ASSIGNMENT
Without the pictures, print the lines running from the beginning of the material to the line containing "County workers cleaned", both ends included.

INPUT MATERIAL
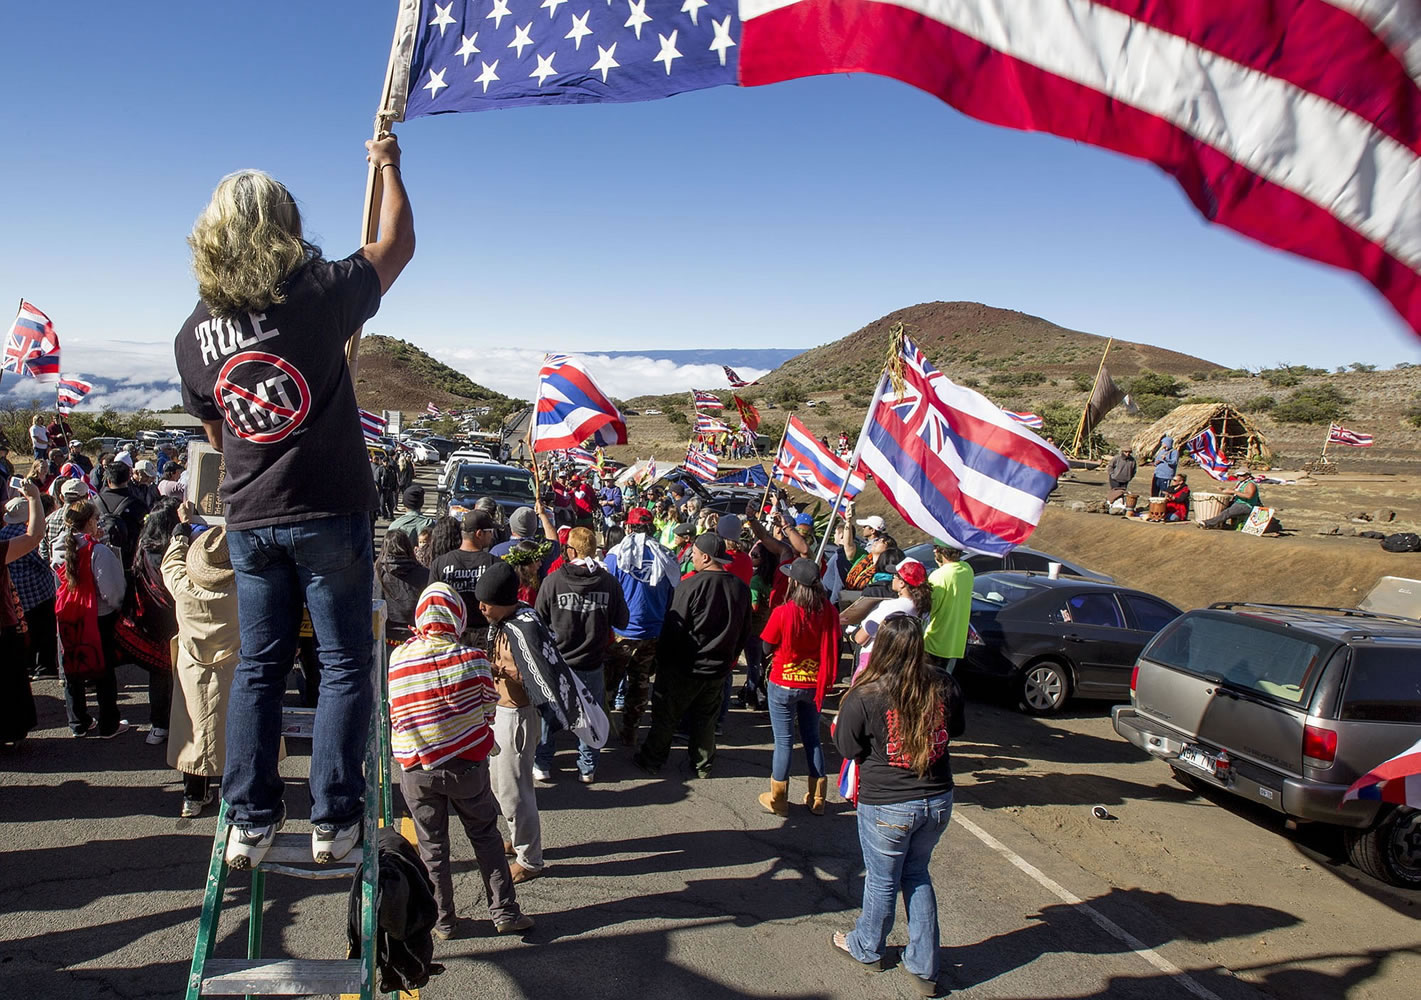 In this photo taken on Wednesday, June 24, 2015, Thirty Meter Telescope protesters walk on a road during the first of many blockades that started at the Mauna Kea visitors center, stopping TMT construction vehicles from driving up to the summit of the mountain, about 40 miles west of Hilo, Hawaii. Hundreds of protesters on the Hawaii mountain road erupted in cheers Wednesday after construction crews turned around and retreated from the site for what would be one of the world's largest telescopes.
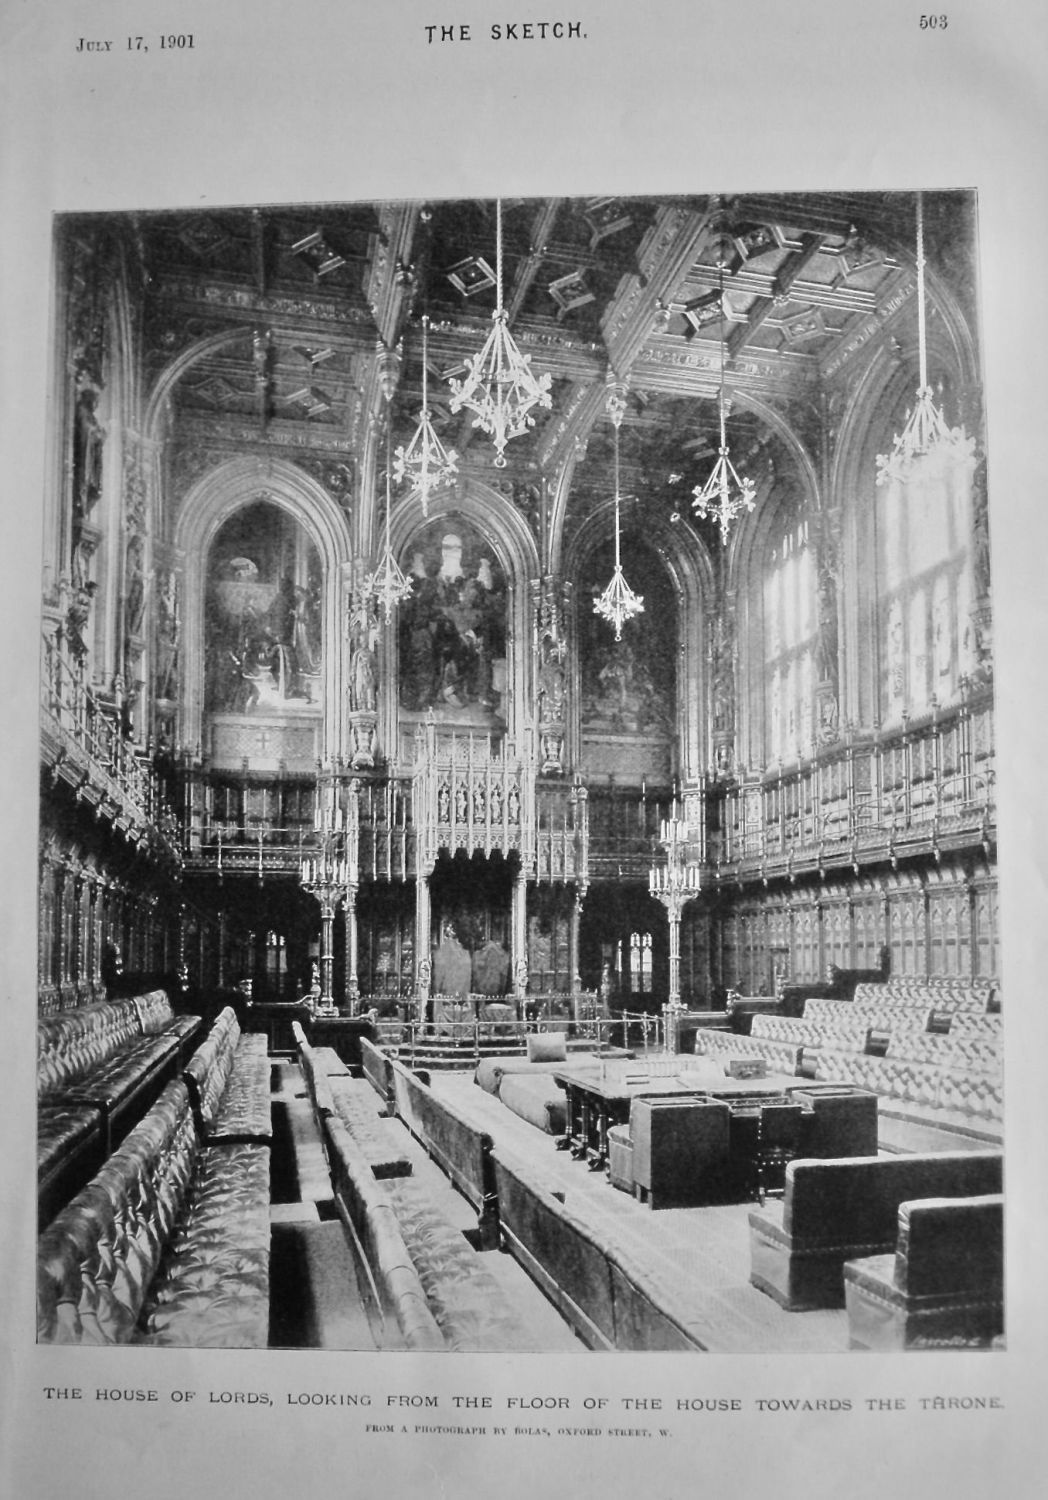 The House of Lords, Looking from the Floor of the House towards the Throne.
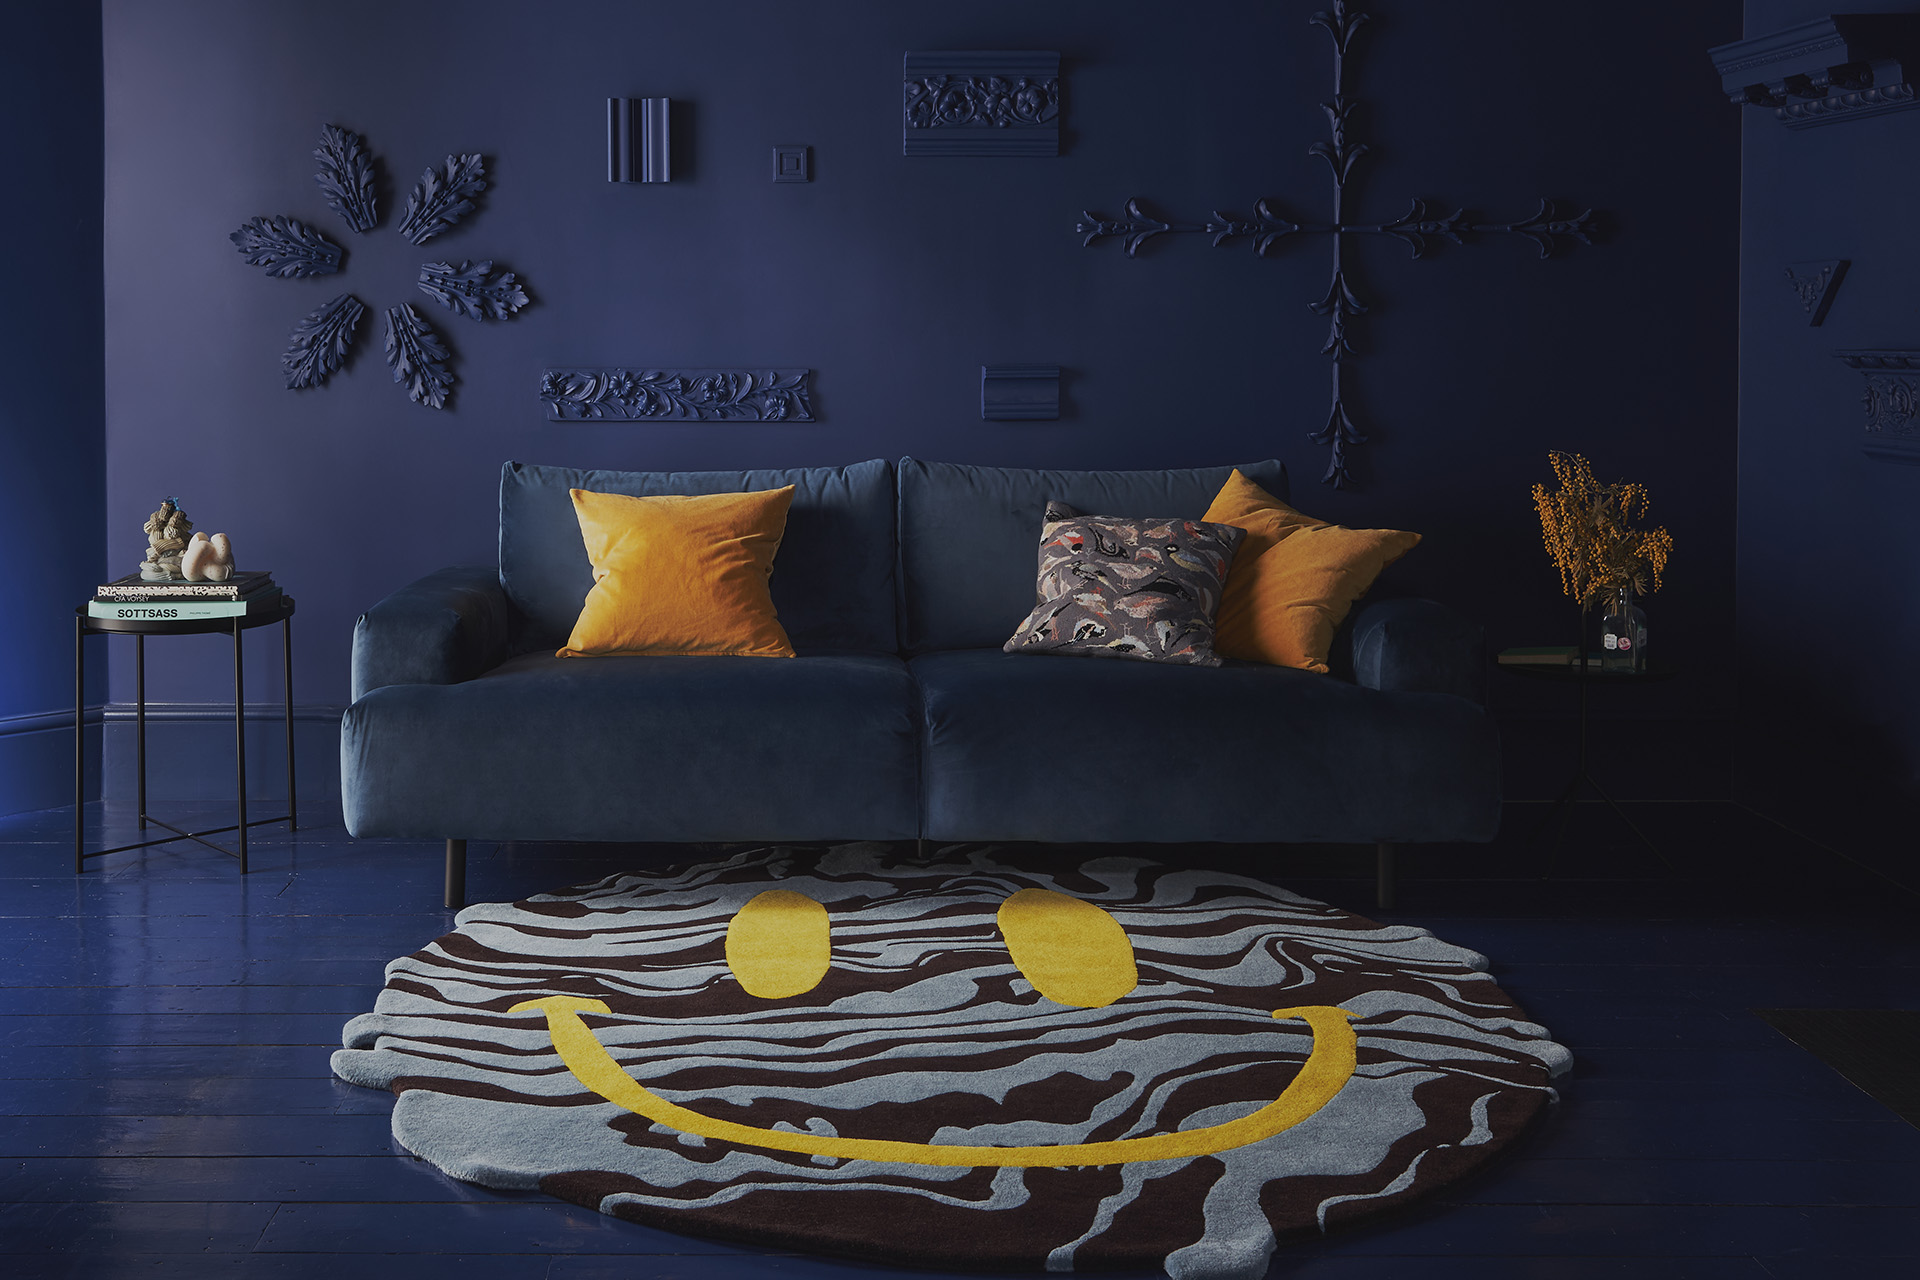 Room with dark blue walls and sofa featuring a large rug with yellow smiley face
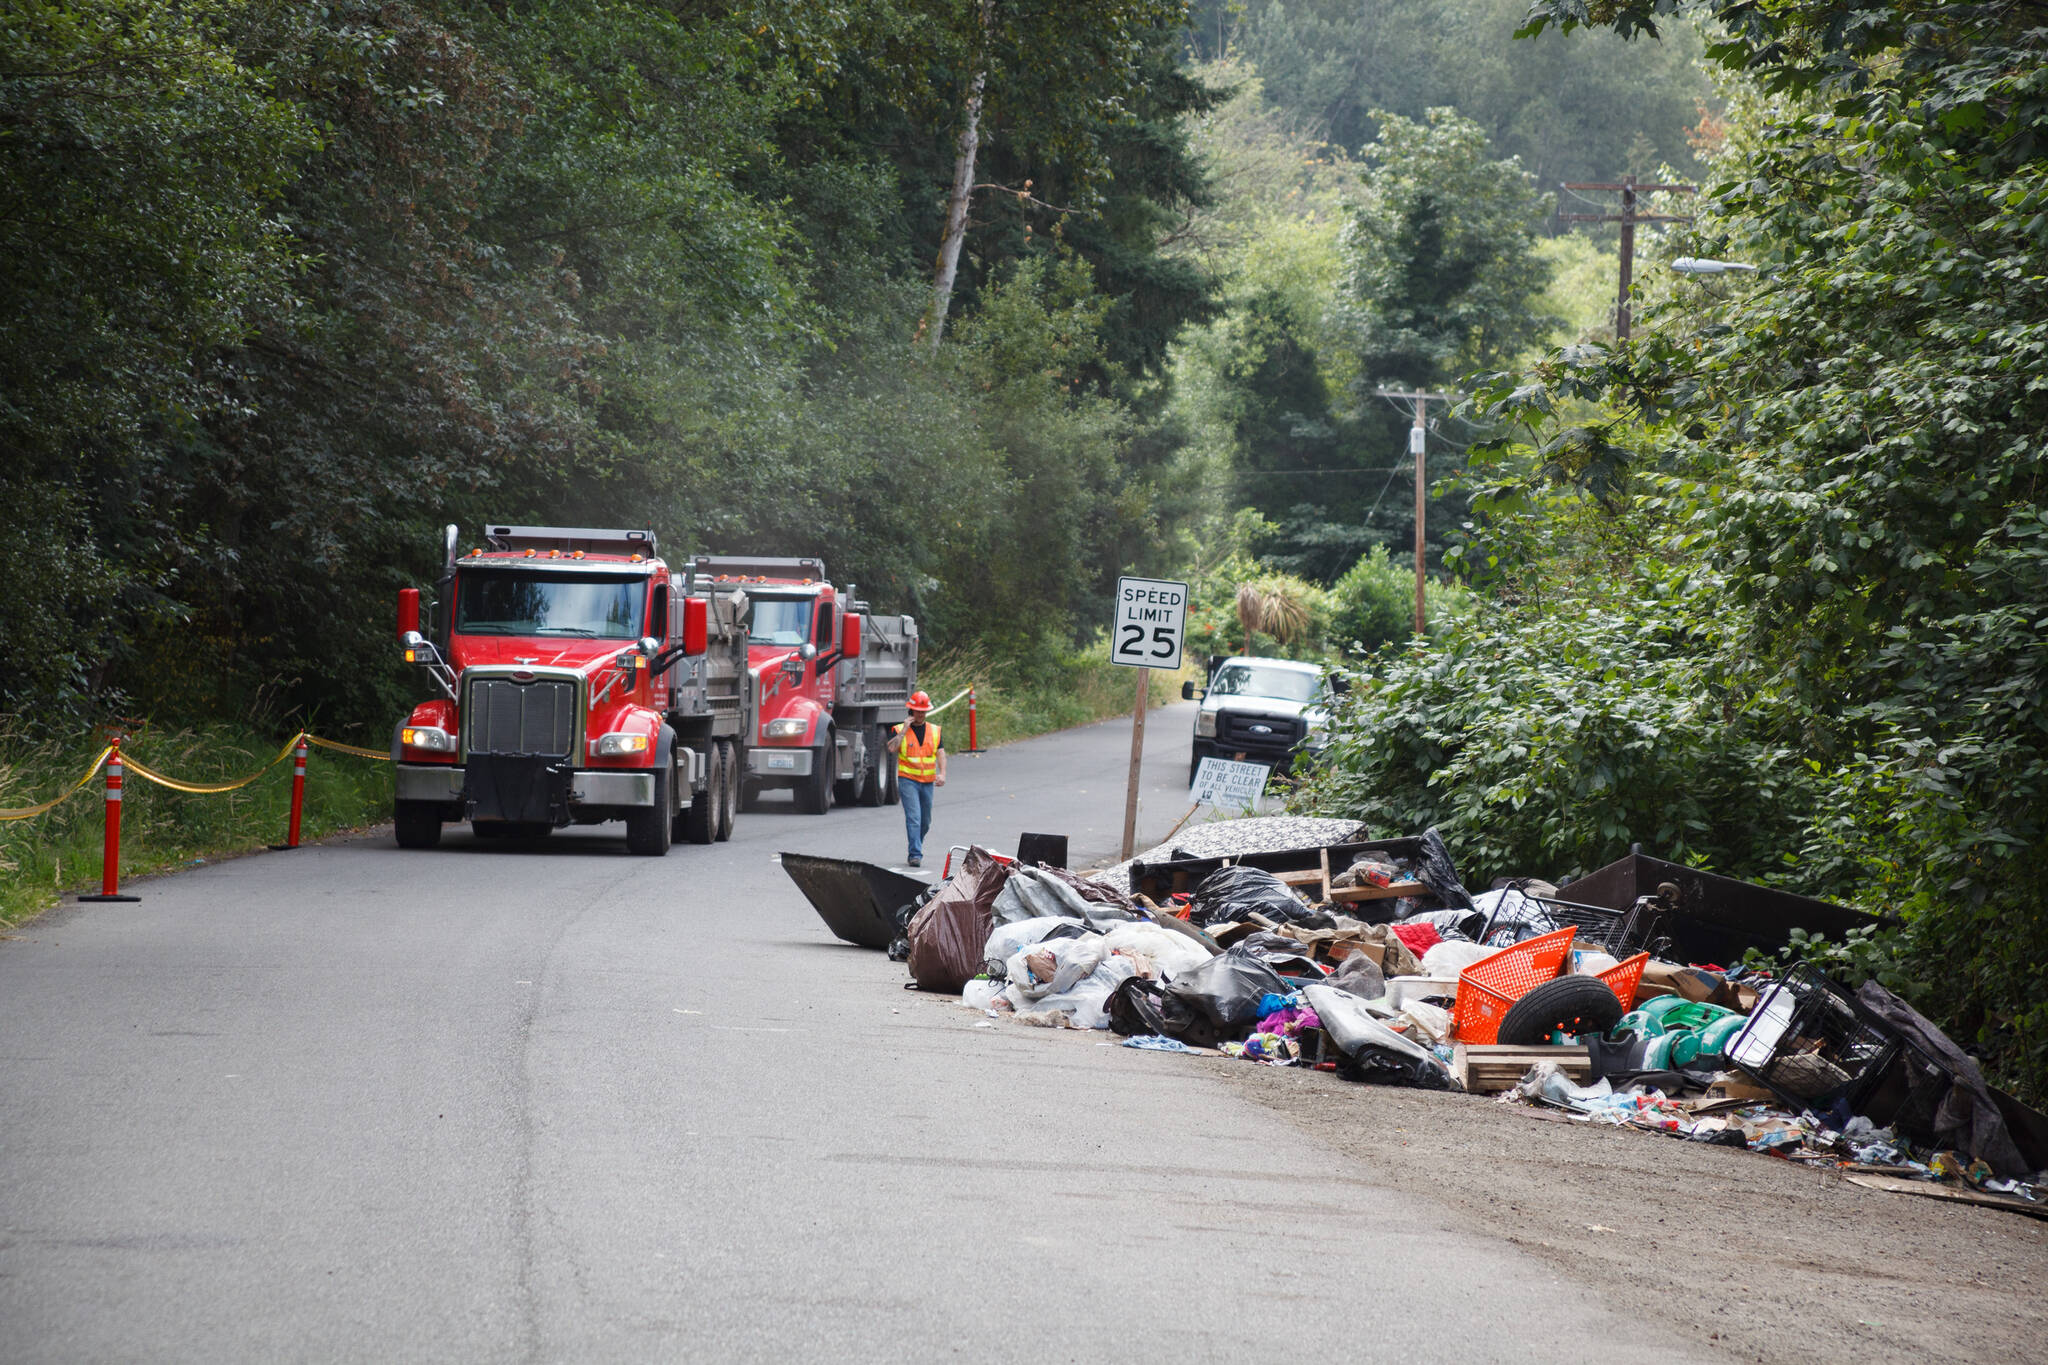 County workers cleaned trash and debris from homeless encampments and illegal dumping along the Green River Road July 13 in unincorporated King County. HENRY STEWART-WOOD, Sound Publishing
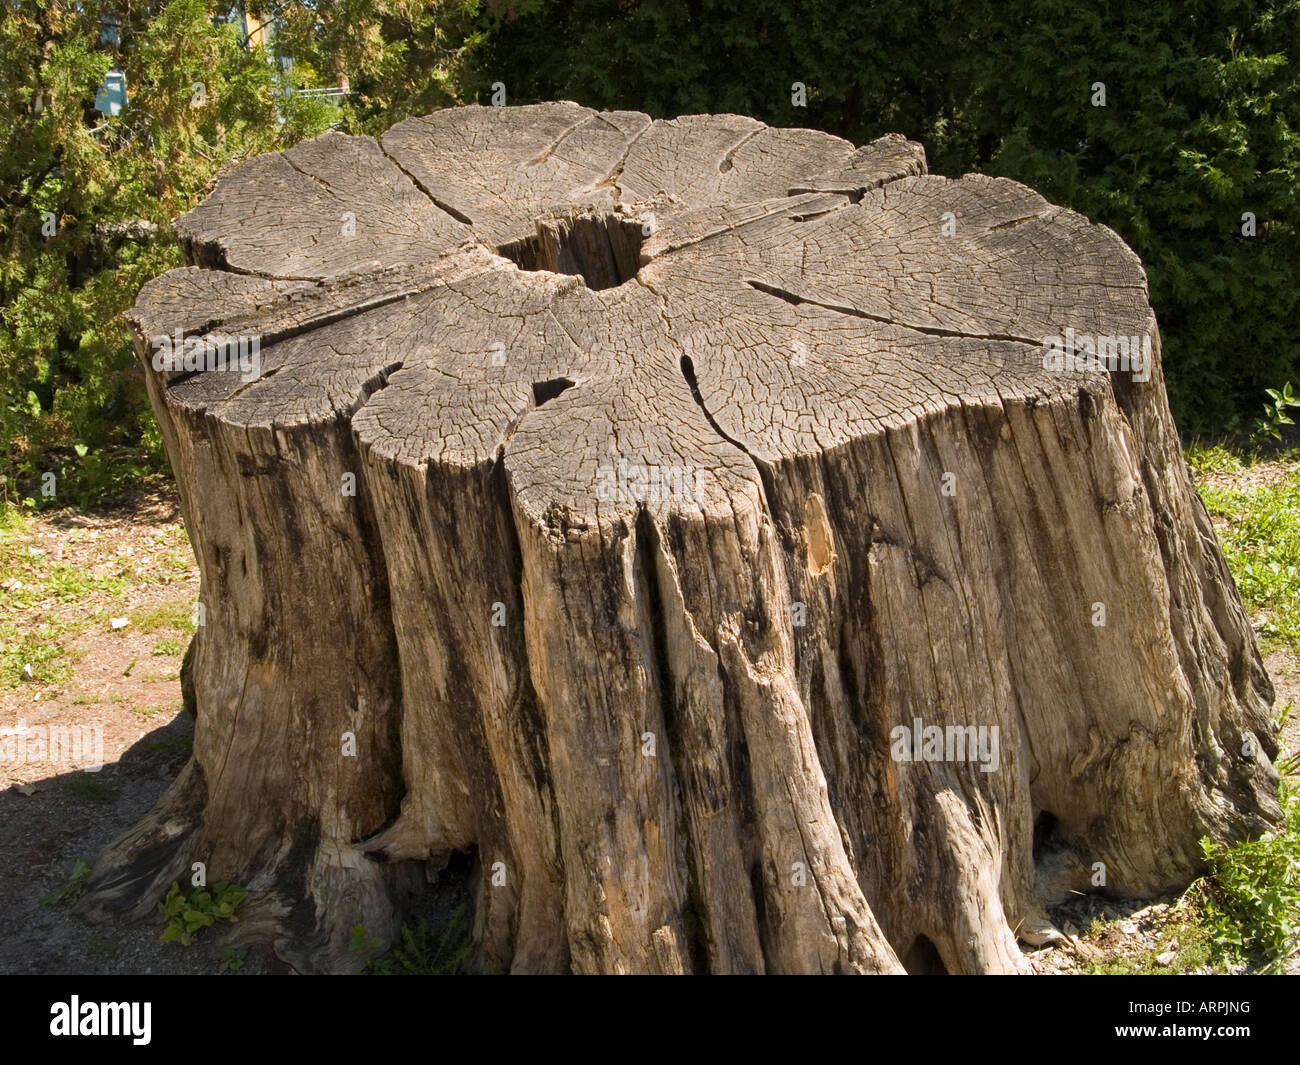 A giant tree stump in the Tree House garden at the Jardin Botanique de Montreal, Quebec Canada Stock Photo

RESULT OF THE TASK
 In this photo taken on Wednesday, June 24, 2015, Thirty Meter Telescope protesters walk on a road during the first of many blockades that started at the Mauna Kea visitors center, stopping TMT construction vehicles from driving up to the summit of the mountain, about 40 miles west of Hilo, Hawaii. Hundreds of protesters on the Hawaii mountain road erupted in cheers Wednesday after construction crews turned around and retreated from the site for what would be one of the world's largest telescopes.
 The House of Lords, Looking from the Floor of the House towards the Throne.
 Room with dark blue walls and sofa featuring a large rug with yellow smiley face
 County workers cleaned trash and debris from homeless encampments and illegal dumping along the Green River Road July 13 in unincorporated King County. HENRY STEWART-WOOD, Sound Publishing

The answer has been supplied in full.